Round 3, 74th overall: Max Gardiner, C, Minnetonka High School (Minnesota HS)
NHL Games: 0
As discussed last month, Max Gardiner is one of the more disappointing prospects in the Blues’ system and has not shown much progression in three years of collegiate hockey. After a stellar freshman season scoring 22 points in 27 games, Gardiner has scored a combined eight points in 55 games over the past two years for the Penn State Nittany Lions. Prototypically a playmaking center, Gardiner does not have a sound defensive game which makes his offensive production more important. He is a relatively good skater but is extremely inconsistent in terms of production. With just one year left of NCAA hockey, Gardiner will have to improve in all areas of the game if he hopes to turn pro in the future.

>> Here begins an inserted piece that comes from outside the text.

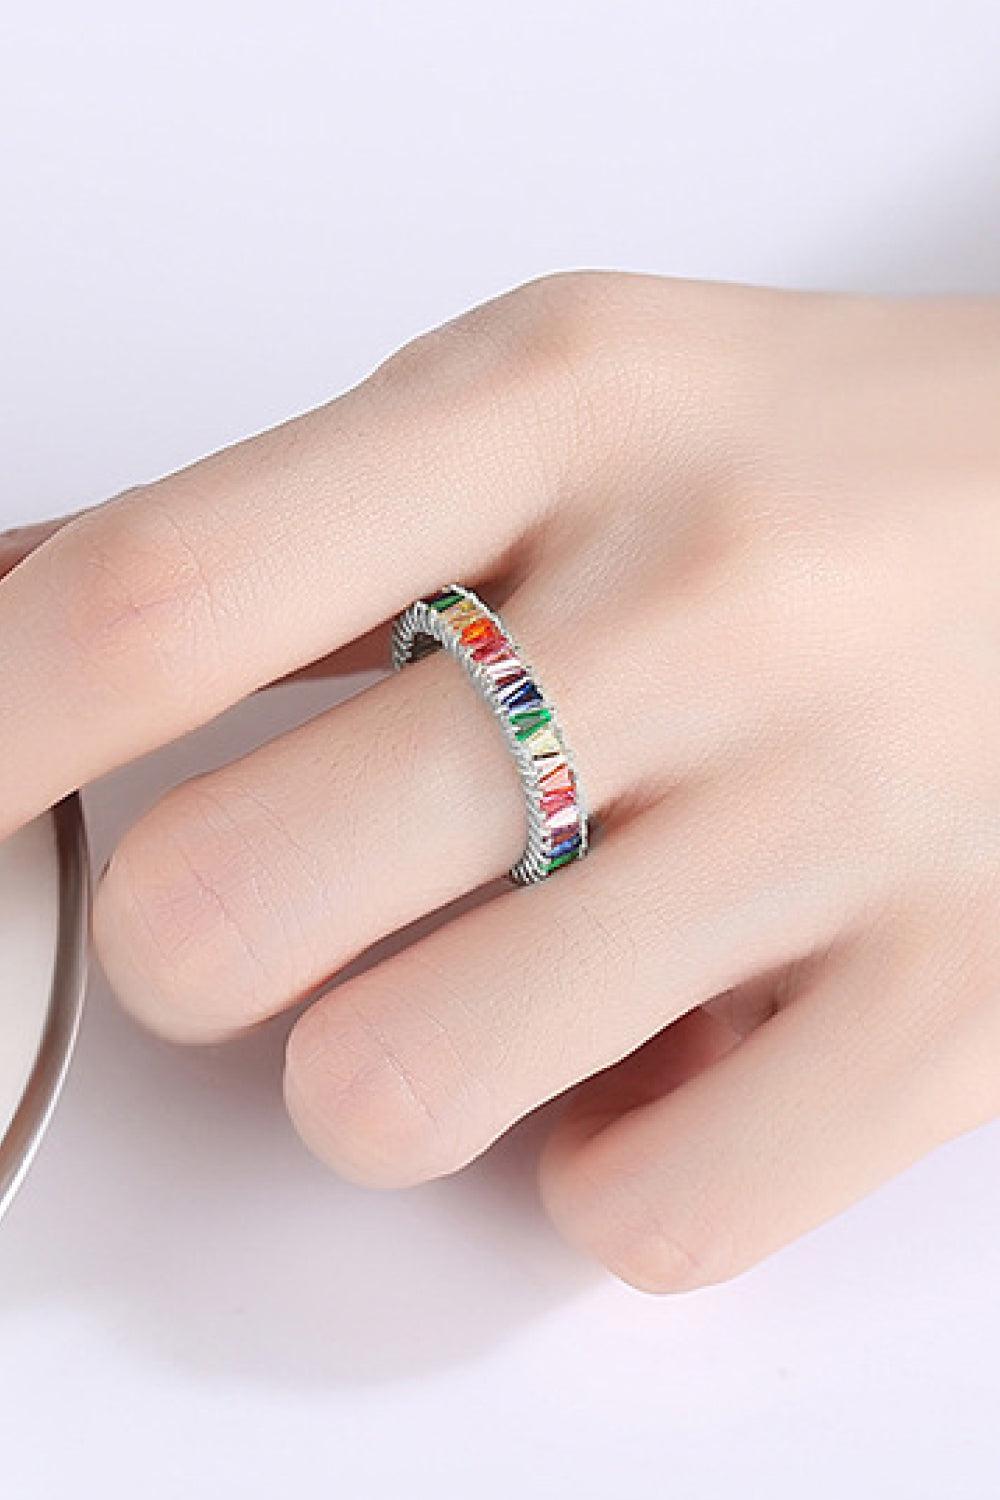 Multicolored Cubic Zirconia 925 Sterling Silver Ring BLUE ZONE PLANET

In terms of development, Jani Hakanpaa has been on the right track for the past few seasons. Coming over from Europe in 2012-13, Hakanpaa left the SM-liiga for the AHL mid-season and has continued to improve ever since. His most impressive asset continues to be his size and physical presence. Similar to most players with size, Hakanpaa is an average skater and could use significant improvement in that department. He has shown improvement at the AHL level but is still not ready to deal with NHL competition.
In 132 career AHL games, Hakanpaa has a mere 20 points, which he should improve on in the coming future. Regardless of the lack of offense, Hakanpaa needs to continue to be a major presence in the defensive zone and should garner more responsibility next season. As long as he develops his skating and improves his offensive output, Hakanpaa should have a very bright future at the professional level.

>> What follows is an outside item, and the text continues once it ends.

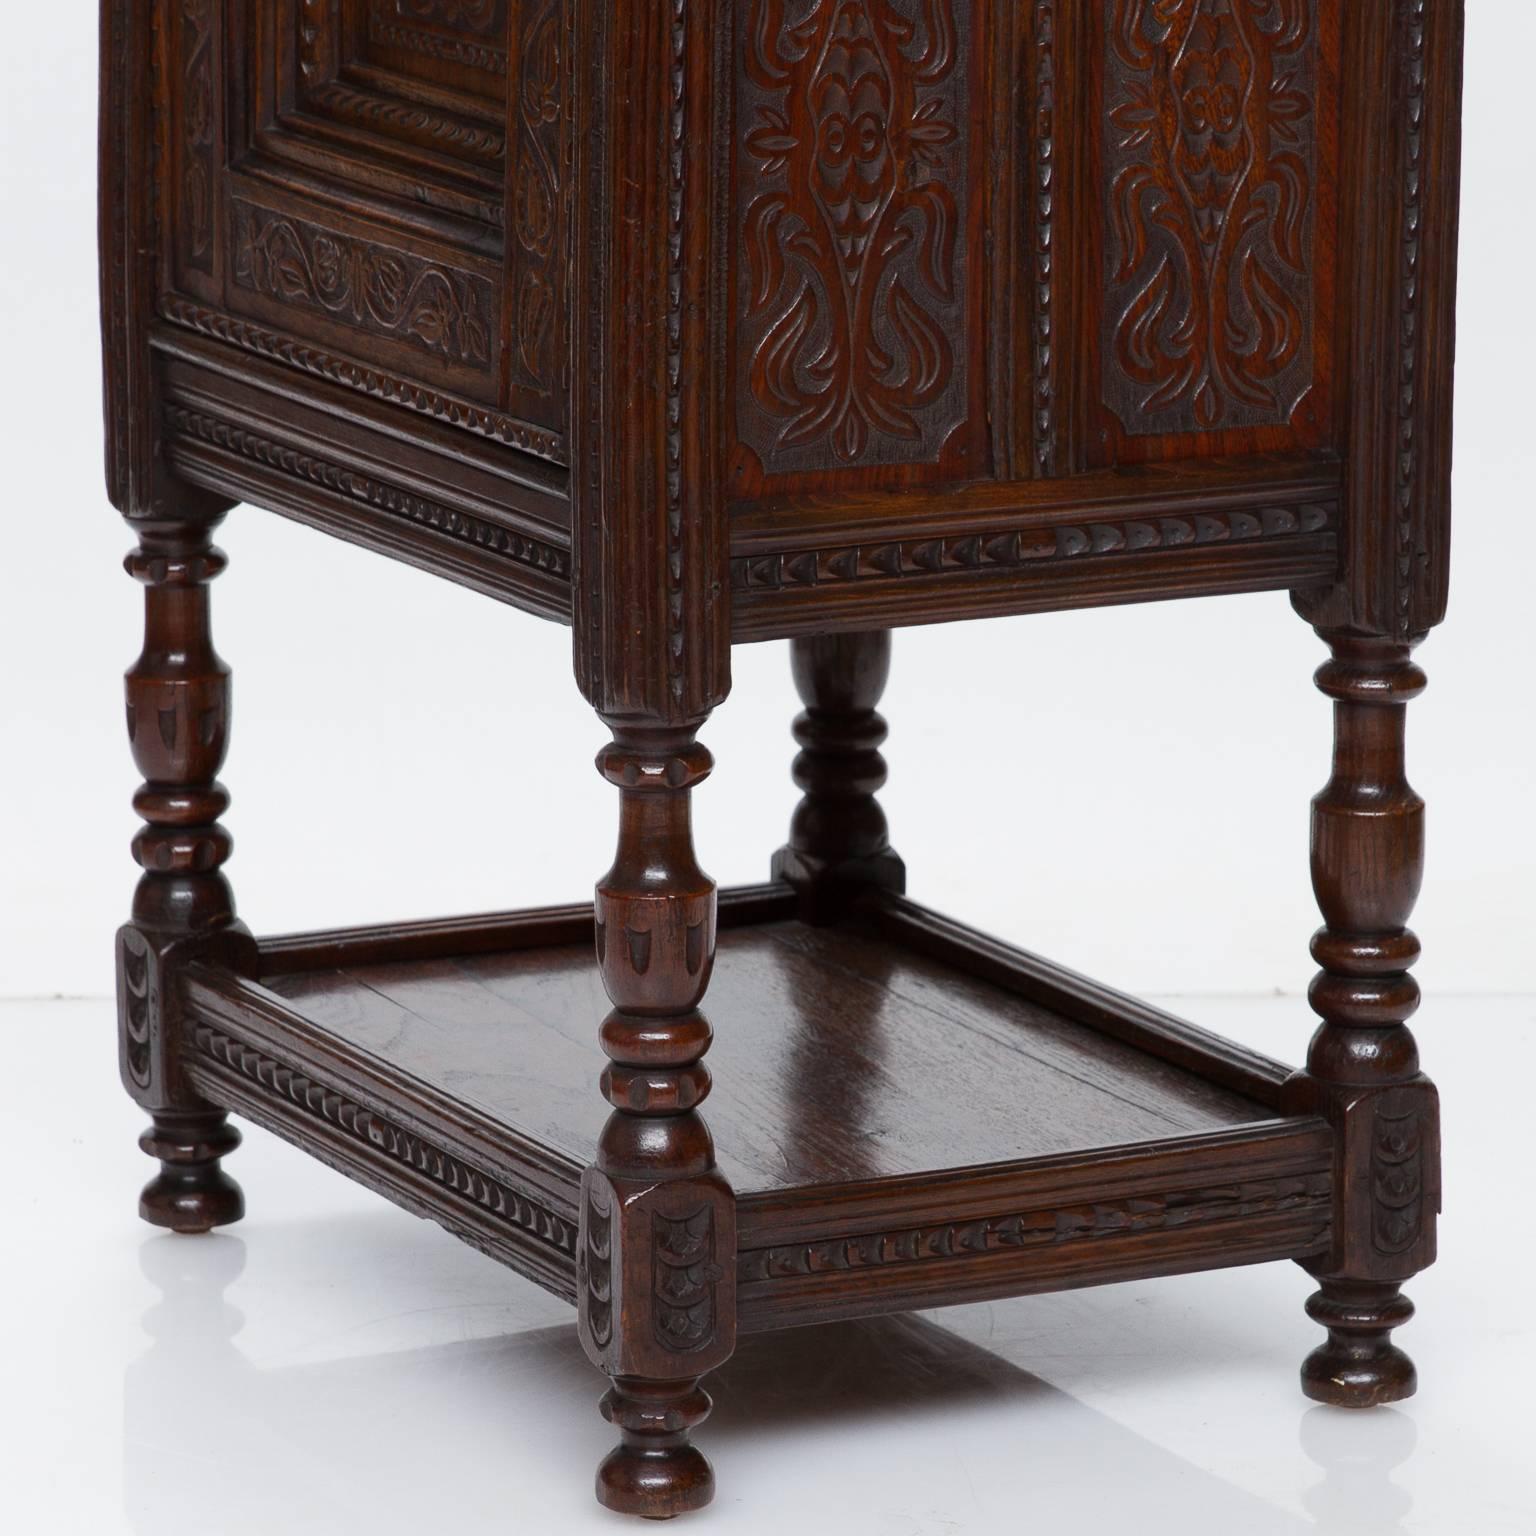 Late 18th Century 18th Century Cabinet from Burgundy Region of France

Cody Beach has been at the professional level for three seasons but has yet to find a home at any level of hockey. Beach’s professional experience stems primarily from the AHL and ECHL and he has yet to get a chance at the NHL. He has been given several opportunities to excel at the AHL level but has continuously been dropped to the ECHL for conditioning. Due to his skill set, it seems highly unlikely that the grinding forward will find a place in the NHL. If he can improve his versatility as a hockey player while maintaining his physical presence, he should be able to secure a roster spot at the professional level.
In such an impressive draft year, Stephen MacAulay has been overshadowed by more talented players but has continued to gain experience at other levels of hockey. After a long junior career in the QMJHL, MacAulay joined the CIS ranks with Saint Mary’s University and just completed his sophomore season. He has played a few games as a pro in the AHL and ECHL but did not have much of an impact. MacAulay was never signed by the Blues and is not part of the team’s plans.
With very little hockey to choose from in May, Joel Edmundson may have been the most impressive prospect for the Blues during the AHL playoffs. As the Wolves tried to fend off elimination, Edmundson scored two goals in the last two games to help keep his team alive. In fact, his goal in game four was the overtime winner which pushed the series to five games. Edmundson finished the only two games in May with two goals, an even rating and seven shots on net. Making his return from injury, this is a great sign for Edmundson and the Blues.